Thanks for the un-biased post. This is what I speculated. I can't GL pumping blood back into his body but, to think that GL wouldn't try a pill or shot that was safe to use and not detectible is just as foolish as thinking LA was totaly clean.


----------



## mohair_chair

F1nut said:


> With this, a 148-pound LeMond could do about 48 minutes on the Alp D' Huez climb in 1986. Interestingly enough, and shockingly so; 1989 saw Laurent Fignon climb the Alp D'Huez in 41:50. Thats quick for a human. I dont have a clue about how much Laurent weighed in but for sure that was impressive.


Lemond could certainly do better than 48 minutes in 1986. It's ridiculous to suggest otherwise (he can't beat Coppi???). Lemond and Hinault finished in 48 minutes only because the third place rider (Urs Zimmermann) in that stage was 5 minutes behind. Yes, FIVE minutes. You think Lemond would have gone faster if Zimmernann had been only 30 seconds behind?


----------



## Bry03cobra

Those numbers are BS. Race conditions have a lot to do with those times. "Satan" put up one of those times in a TT. The riders are racing others not the record book.
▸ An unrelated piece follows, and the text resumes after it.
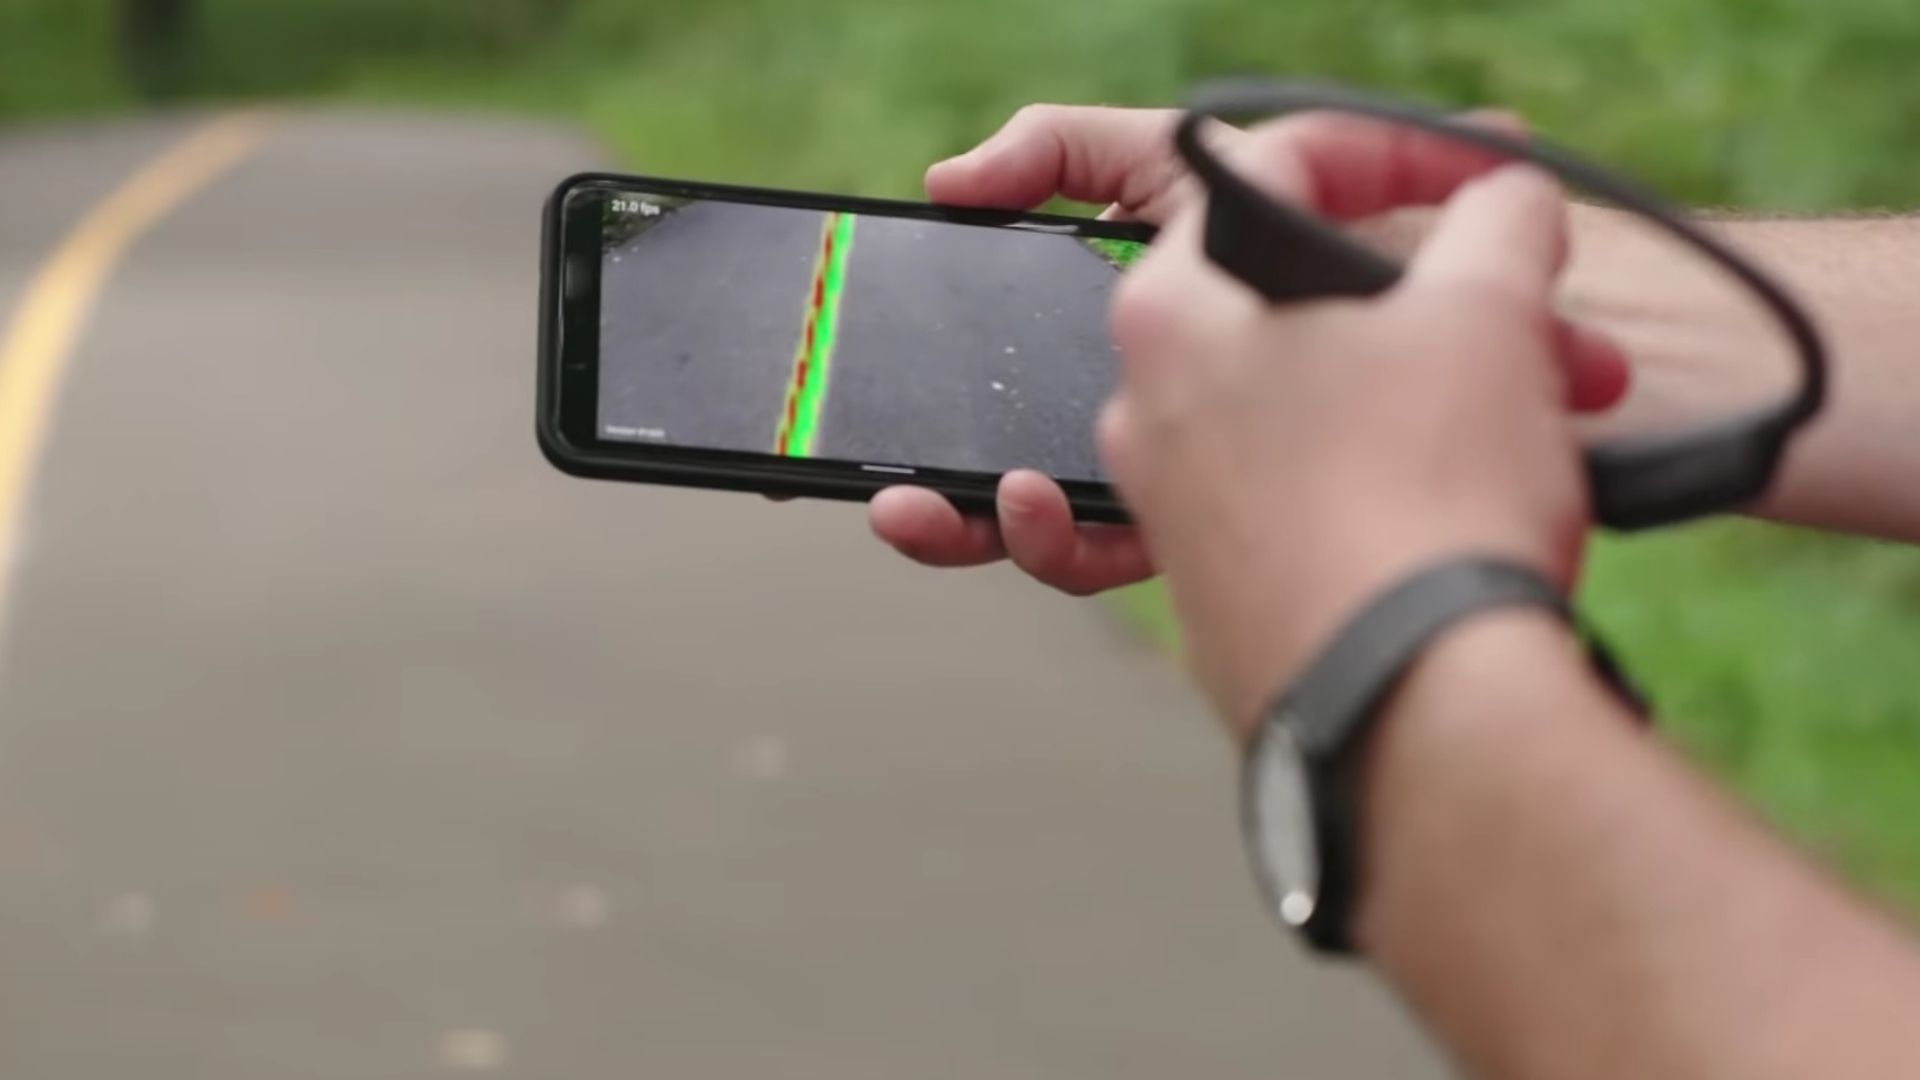 La cámara del móvil buscaba una guía física en el suelo y envía señales de audio según la posición en la que está el usuario.
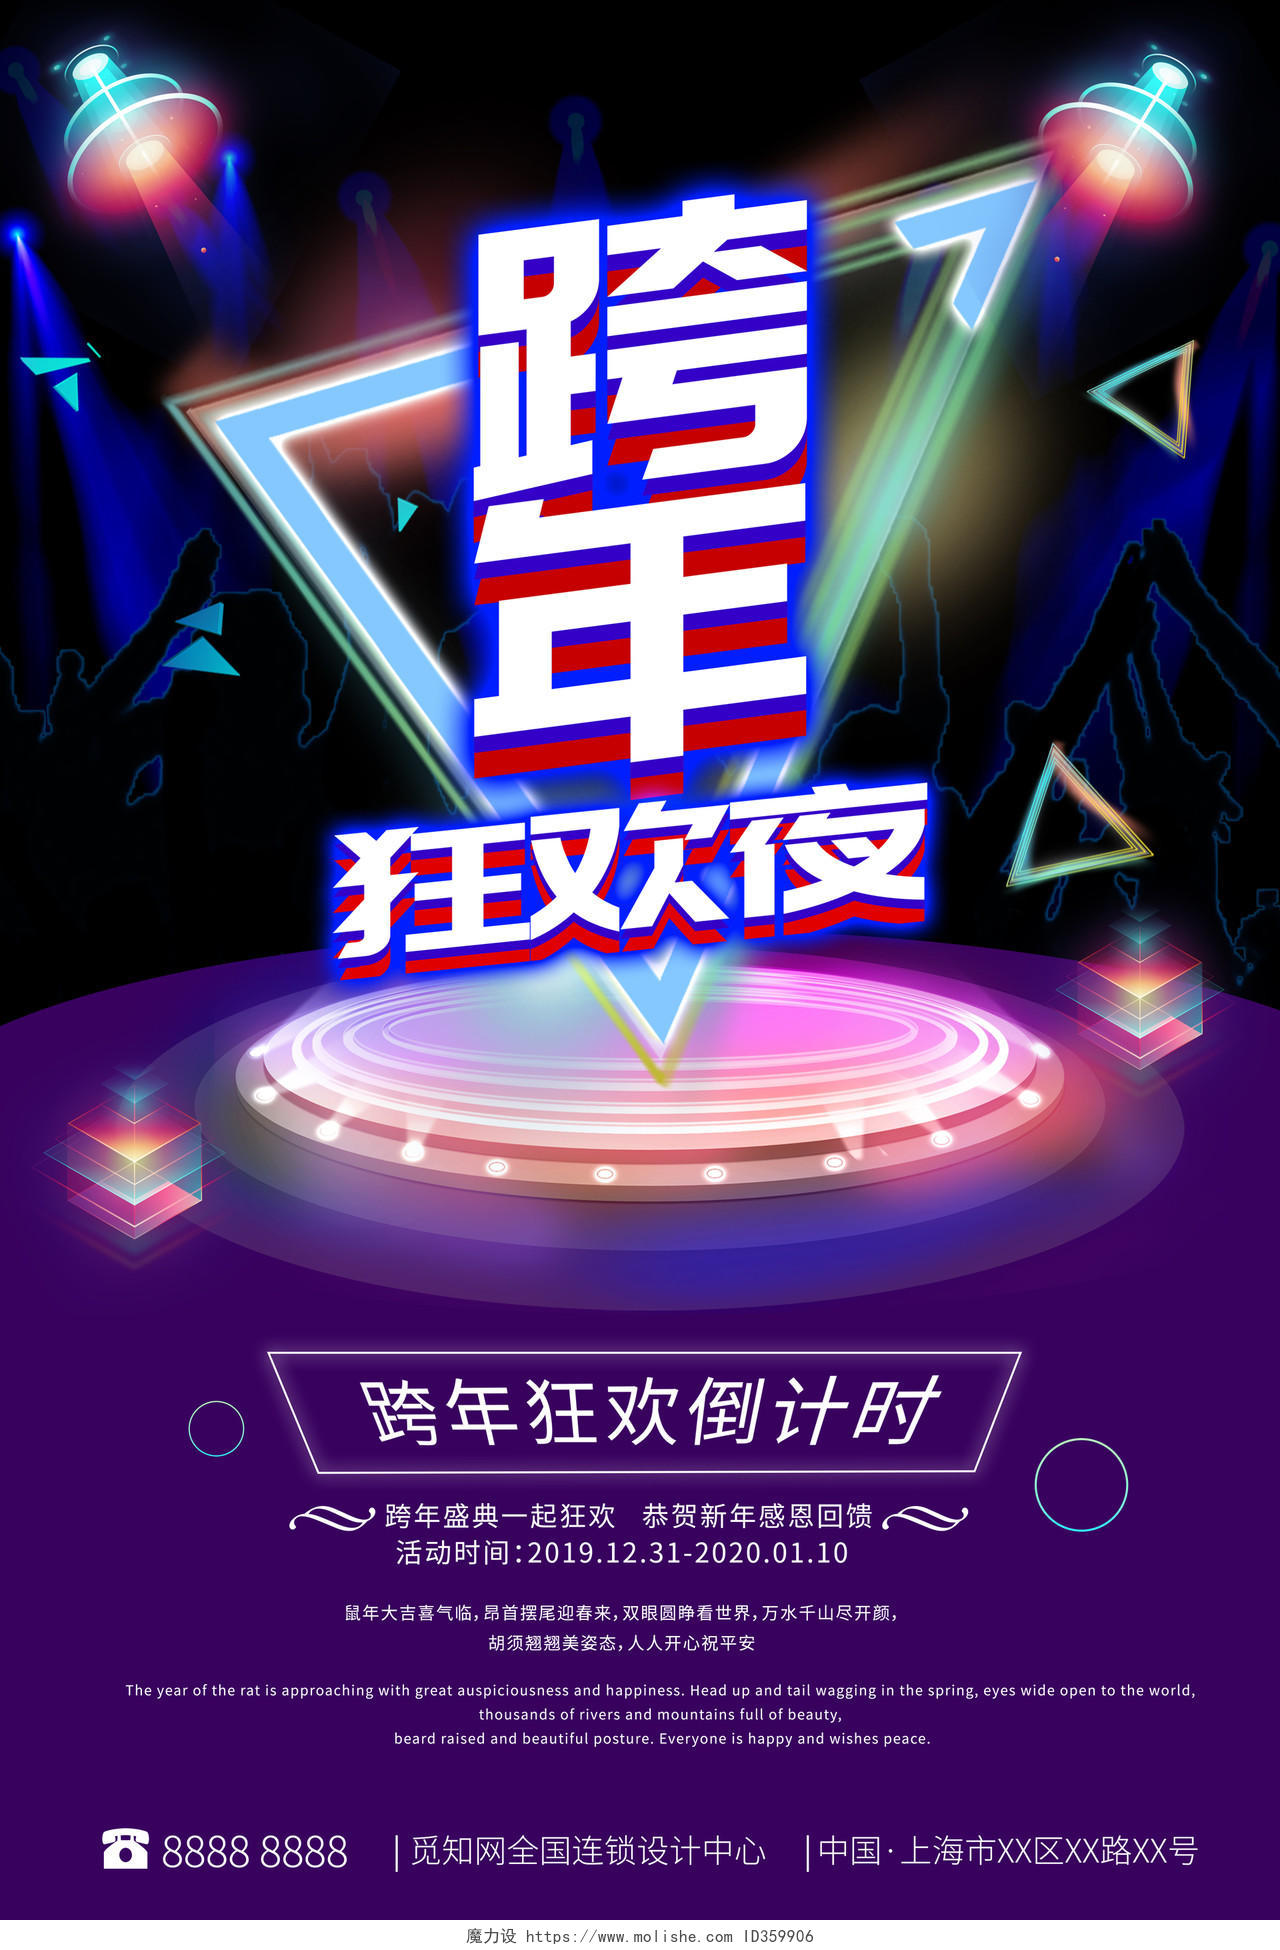 2020新年酷炫元旦节跨年狂欢夜倒计时盛典发光宣传海报

Also how much effort was used during the entire stage, not just ADH, is a big factor.


----------



## bigpinkt

Bry03cobra said:


> Sure there is MUCH more smoke with Lance, but if Lance received any injections he would be hung for it.
> .


You forget that in addition to Actovigen Jeff Spencer (USPS chiropractor) was caught dumping dozens of syringes. 

From the Vaughters/Andreau chat transcript

Cyclevaughters: once I went to CA (Credit Agricole) and saw that not all the teams got 25 injections every day
Cyclevaughters: hell, CA was ZERO
Cyclevaughters: So, I realized lance was full of $hit when he'd say everyone was doing it.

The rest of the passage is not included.